Así, azuzada por la tensión entre el desarrollo de formas de capitalismo y las conquistas de las luchas sociales, la jornada laboral se extendió a partir del siglo XVIII, luego se acotó durante la primera mitad del siglo XX, para volver a extenderse a partir de la década de los setenta con el advenimiento de lo que Murray Melbin denominó instituciones “incesantes”:4 servicios disponibles 24h gracias al auge de los turnos de noche. Esta lógica auguraba que durante los noventa la extensión de la colonización laboral de la noche se generalizaría de manera definitiva pero, en su lugar, las industrias de servicios se relocalizaron a otros lugares del planeta, con otros horarios y leyes laborales, para preservar la jornada laboral diurna y el esquema de sueño establecidos en el mundo occidental. Este equilibrio no llegó a mantenerse mucho tiempo, ya que con la entrada de internet, la automatización y la tecnología, la colonización del trabajo y del descanso se extendió hasta absorber la noche, la vida y el tiempo. De un tiempo a esta parte, el mundo se ha convertido en un lugar permanentemente iluminado en el que el trabajo y el consumo se despliegan de manera ininterrumpida. Jonathan Crary lo califica de “capitalismo 24/7”:5 un modo de producción incesante en el que estamos permanentemente expuestos (para ser vigilados y capturados) y permanentemente conectados (a sistemas de comunicación, dispositivos e interfaces de lo más variados). El capitalismo 24/7 sueña con el fin del sueño, con una eficiencia sin tregua y una transparencia luminosa, donde las sombras y la pereza dejan lugar a un tiempo y experiencia planos, homogéneos y sin fricción.

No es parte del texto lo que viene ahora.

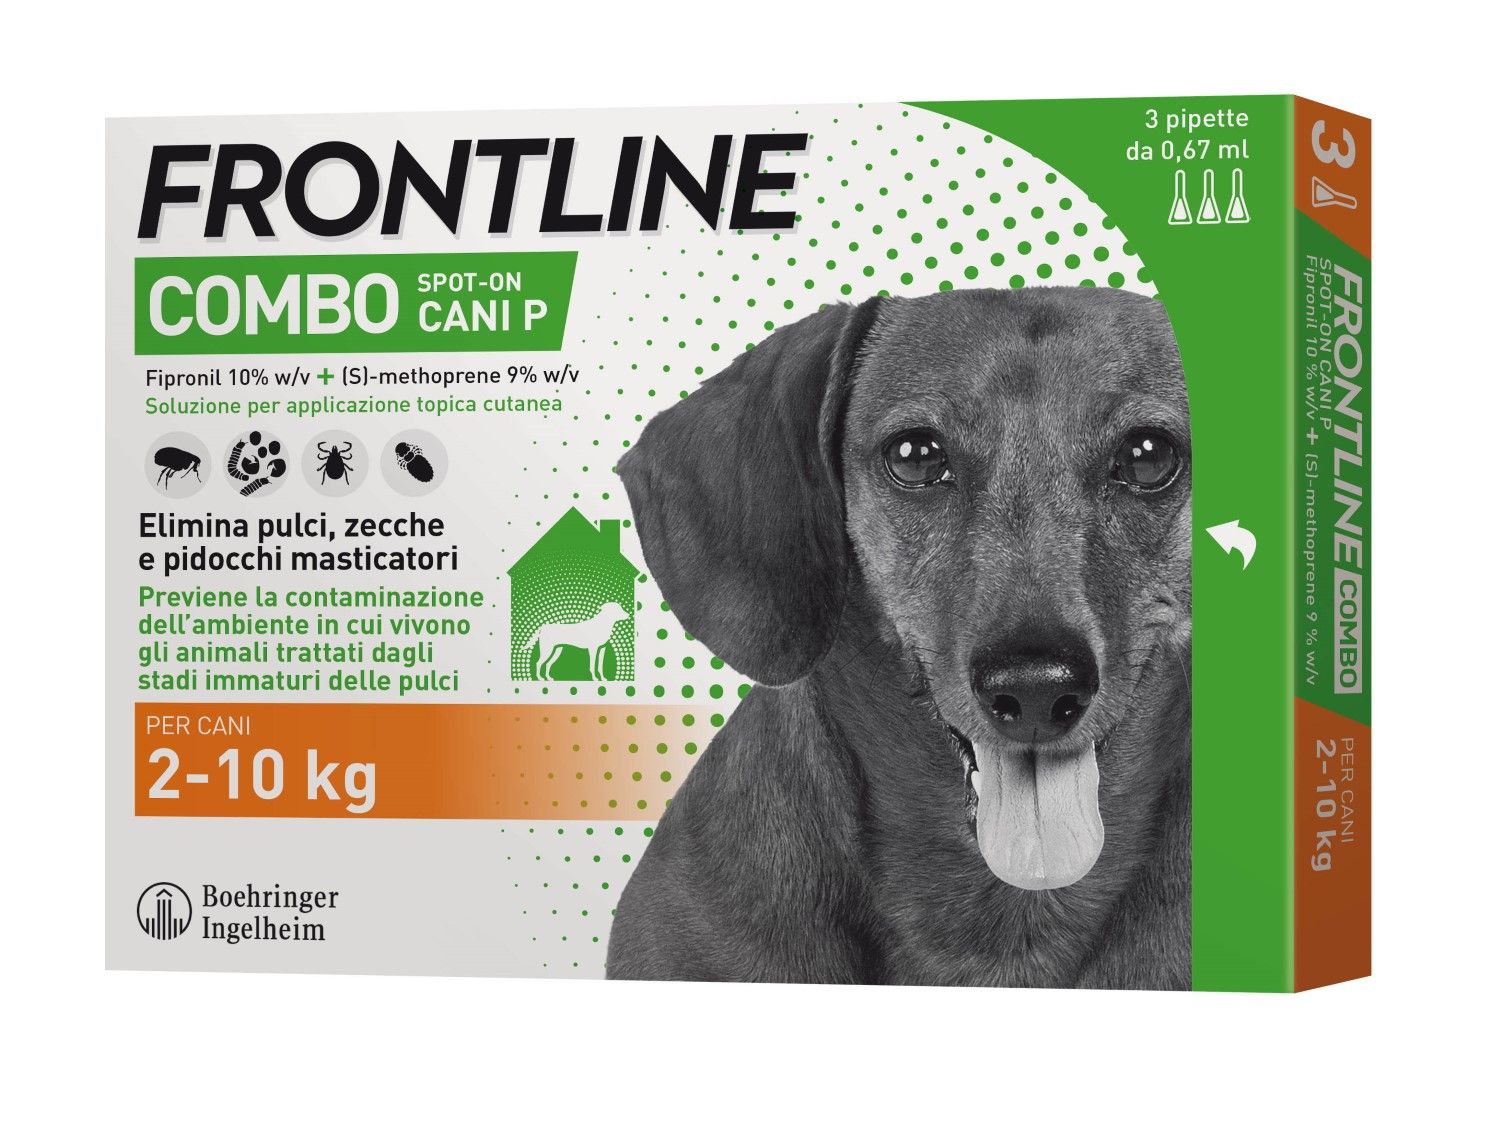 Frontline Combo Cani 3 Pipette 0.67

Un mundo 24/7 es un tiempo de indiferencia, insensibilidad y amnesia, poblado por trabajadores asestados por el burnout, doers “apasionados” que sobreviven a base de medicalización, trabajadores precarios no tan entusiastas pero sin otra alternativa aparente, trabajadoras invisibilizadas y no remuneradas, muertos laborantes,6 y hormigas eléctricas7 entumecidas. En este esquema esquizofrénico, definido por la extenuación y eficiencia permanentes, el descanso queda relegado a ser o bien un incordio o un lujo social. Thomas Edison —titán de la industria que moldeó el s. XX a través de sus invenciones, modelos de negocio y creencias— ya adelantó este modelo de superhombre trabajador cuando se jactaba de que su éxito era debido a la privación de sueño. En 1921 escribía: “En mi caso, nunca he necesitado más de cuatro o cinco horas de sueño al día. Nunca sueño. Duermo de verdad. Cuando por casualidad he dormido de más, me levanto torpe e indolente. Siempre escuchamos a la gente hablar de la ‘falta de sueño’ como un desastre. Deberían llamarlo pérdida de tiempo, vitalidad y oportunidades.”8 Edison es todo un precursor del capitalismo 24/7. Pensando con Crary, es cuanto menos interesante que el inventor de la bombilla eléctrica, que transformó el mundo laboral, preconizara la oposición al descanso y el sueño, un siglo antes. No sólo eso: en su defensa práctica de la productividad sin fin, impuso una vigilancia sobre sus trabajadores para disciplinarles a no parar ni descansar.9 Pero por mucho que se vanagloriara de no dormir, Edison siesteaba a lo largo del día haciendo la técnica de la cuchara, como Dalí o Einstein —dato que alimenta la creencia popular de que poco sueño nocturno puntuado por numerosas siestas cortas (power naps como dicen los anglosajones) es una práctica y signo de genialidad. Este mito se alinea con los programas de empresas contemporáneas, como Google o Nike, que siguen las recomendaciones de consultoras laborales de permitir momentos de siesta en el trabajo e incluir zonas de descanso, juego, socialización —todo lo necesario para recargar las pilas en su justa dosis y así nunca abandonar la actividad.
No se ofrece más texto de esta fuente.